Follow the progress of CAFOD campaigners in Paris

We believe the Paris agreement marks the start of a new era of action on climate change. While the deal does not set a mid-century deadline for full phase out of fossil fuels, it does make clear the world must transition to a low carbon future. It says temperature increases must stay well below 2°C, and ideally be kept to 1.5°C, and the agreement opens the door to five-yearly reviews, with the first global stock-take to take place in 2018.  Developed countries have reaffirmed their commitment in the deal to support poorer countries financially to cope with the impacts of climate change and recognised their historical responsibility, having contributed more to the problem of climate change, to support vulnerable countries who are impacted.

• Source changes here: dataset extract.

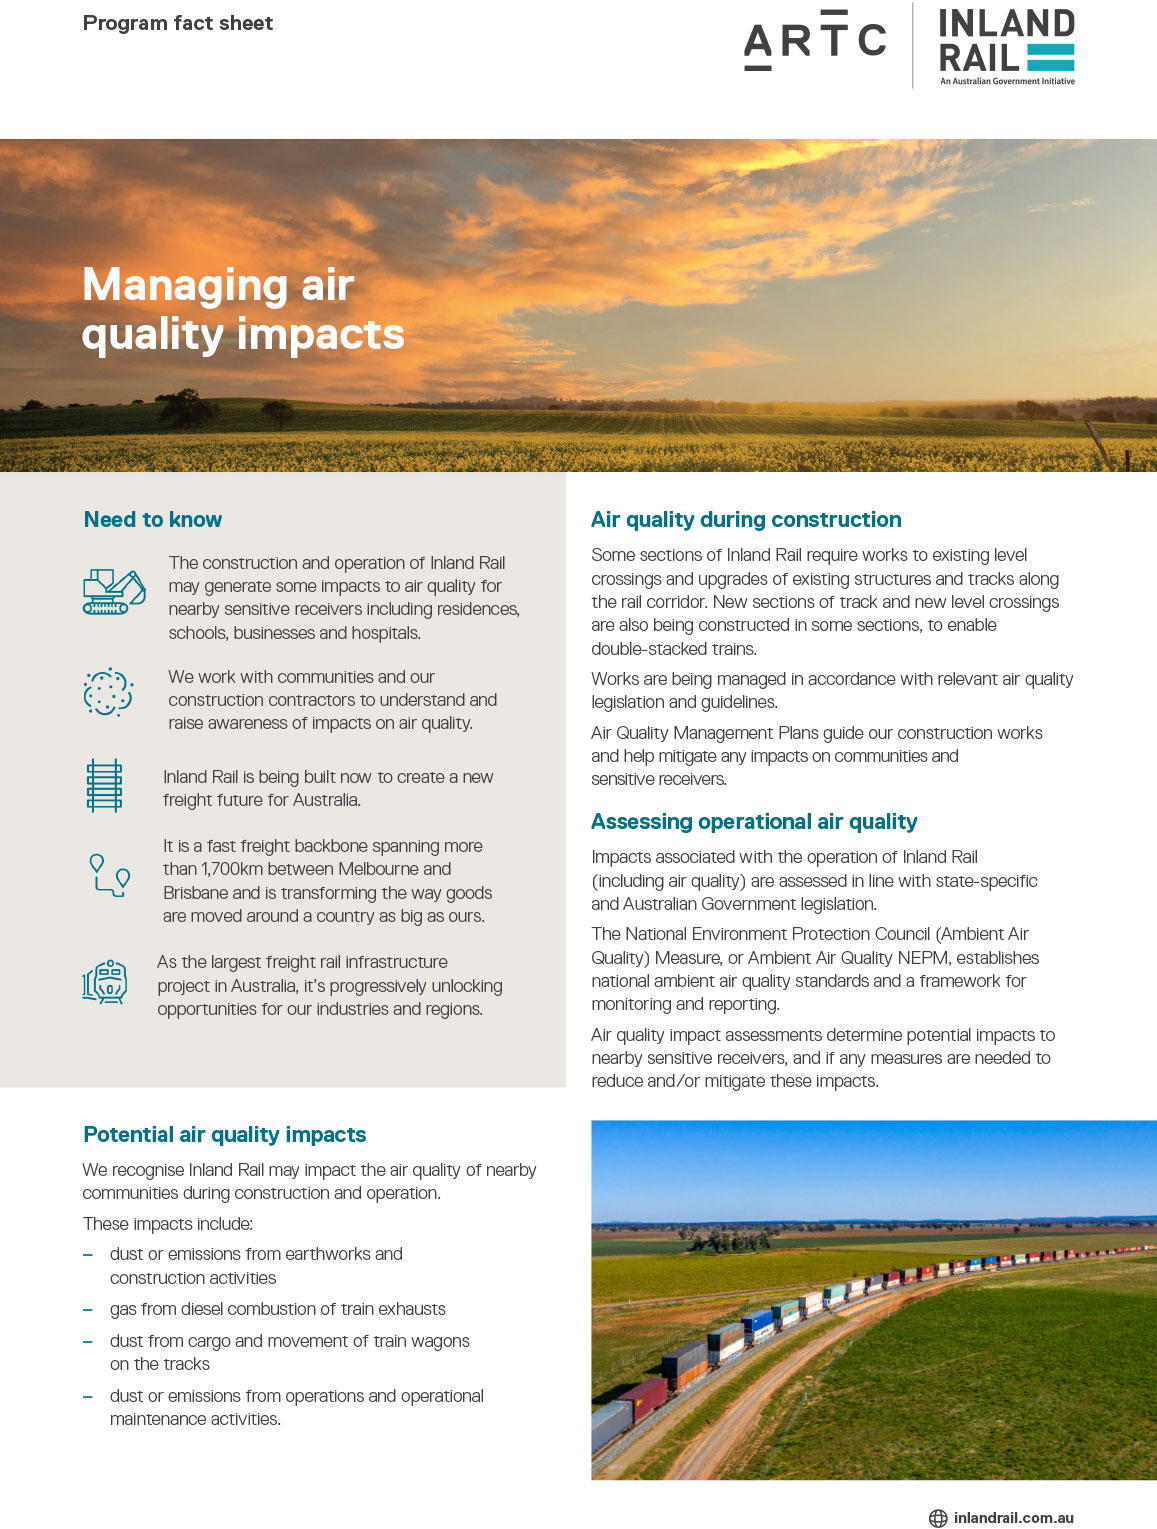 Image thumbnail for Managing Air Quality Impacts

Find out why the Paris talks are so crucial

Neil Thorns, Director of Advocacy at CAFOD, said:

“This agreement opens a new chapter for action on climate change, with a target of limiting temperature increases to 1.5°C. The deal will have countries coming back to the table, where they will have to show the world how they are increasing their ambition to meet that target.

“For poor people living on the front-line of climate change this deal offers hope for a brighter future, but not yet the security that we’ll get there quick enough.

“The agreement represents a start towards what Pope Francis calls a global common plan where we put the needs of the most vulnerable first. Now we all need to redouble our efforts to guarantee the safety of future generations.”